- _Aim of the task_
Everything in the listing below must be set down again exactly, apart from the pictures.

- _Provided data_
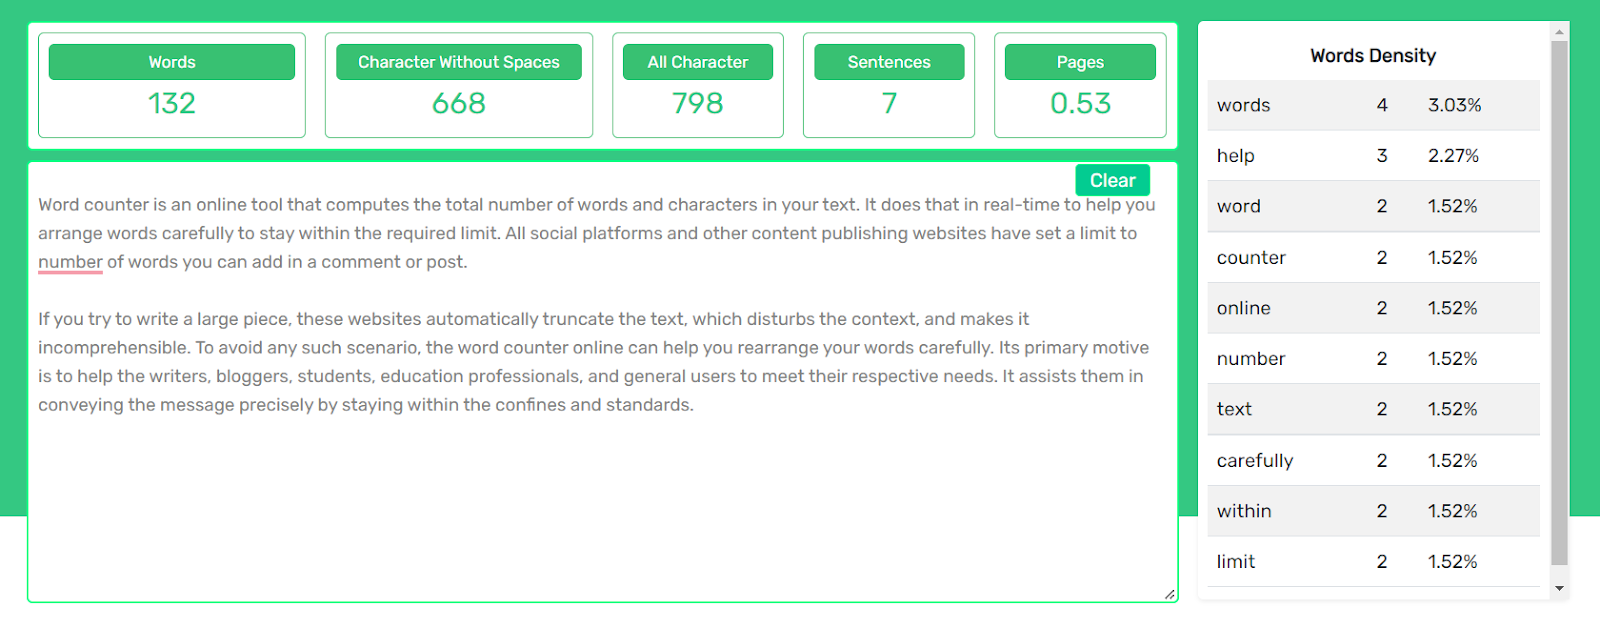 Using a Word Counter Tool
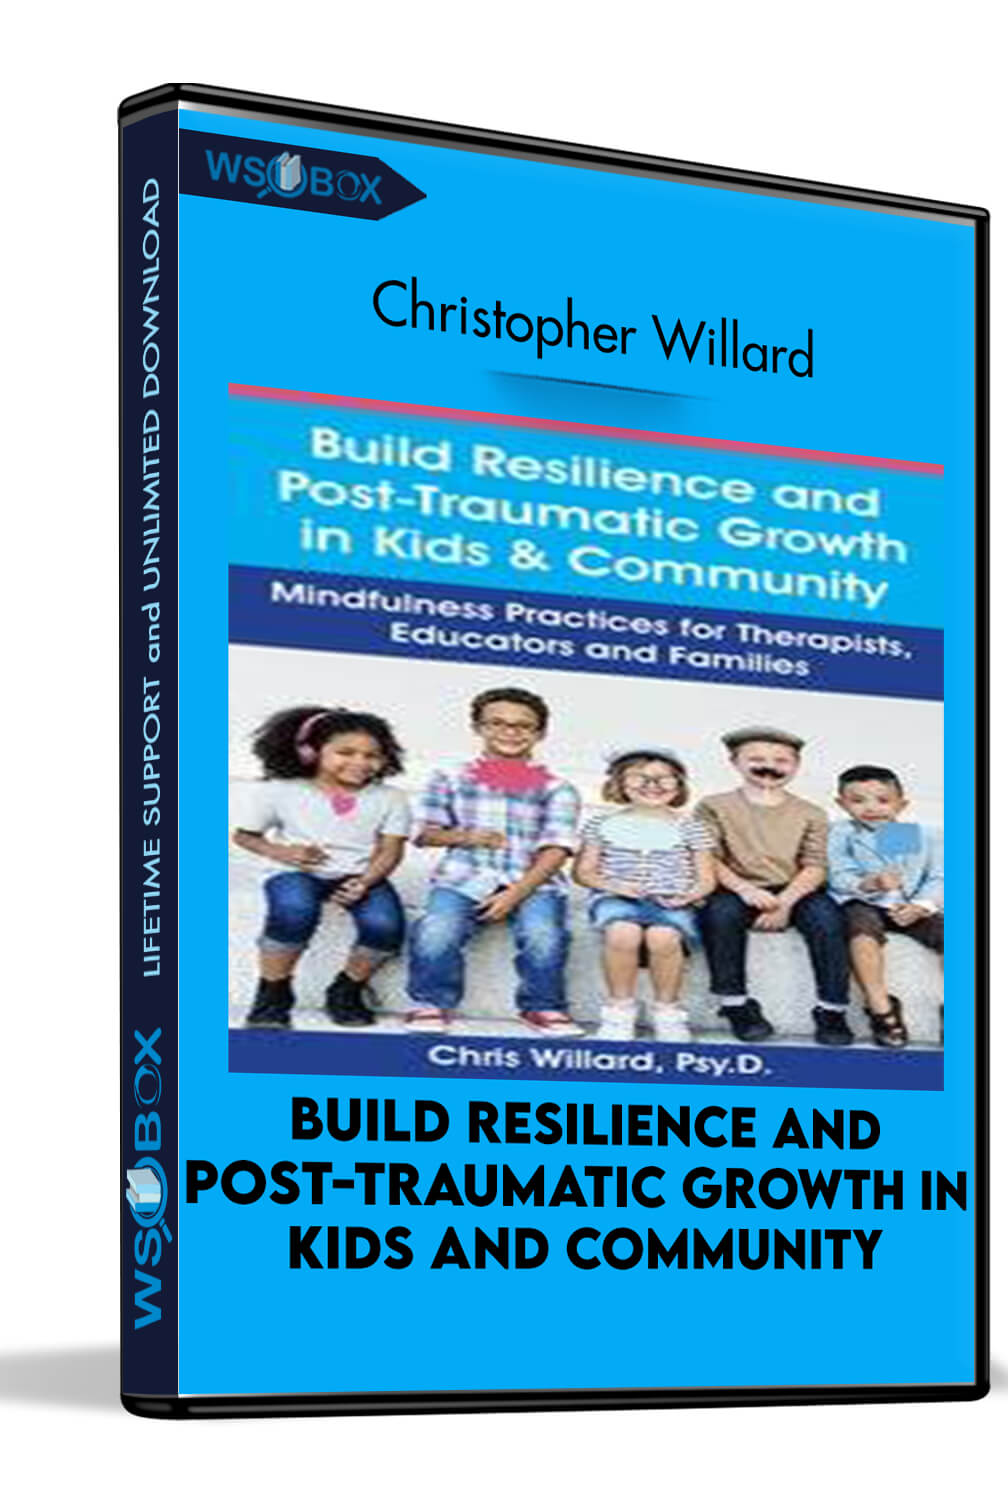 Build Resilience and Post-Traumatic Growth in Kids and Community: Mindfulness Practices for Therapists, Educators and Families – Christopher Willard
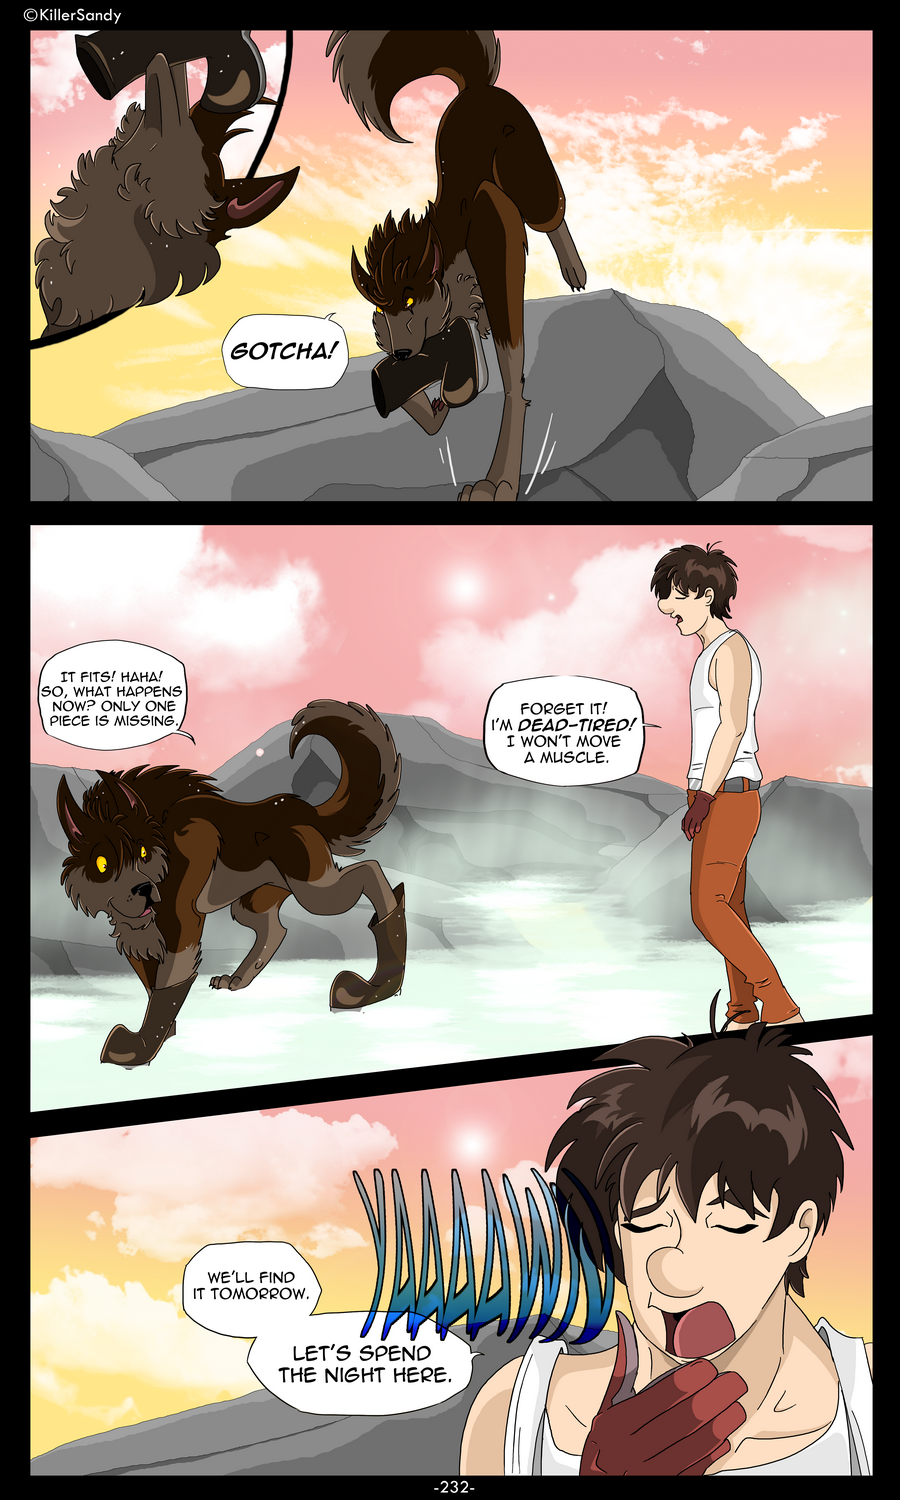 The Prince of the Moonlight Stone page 232

- _Solution for this exercise_
 Using a Word Counter Tool
 Build Resilience and Post-Traumatic Growth in Kids and Community: Mindfulness Practices for Therapists, Educators and Families – Christopher Willard
 The Prince of the Moonlight Stone page 232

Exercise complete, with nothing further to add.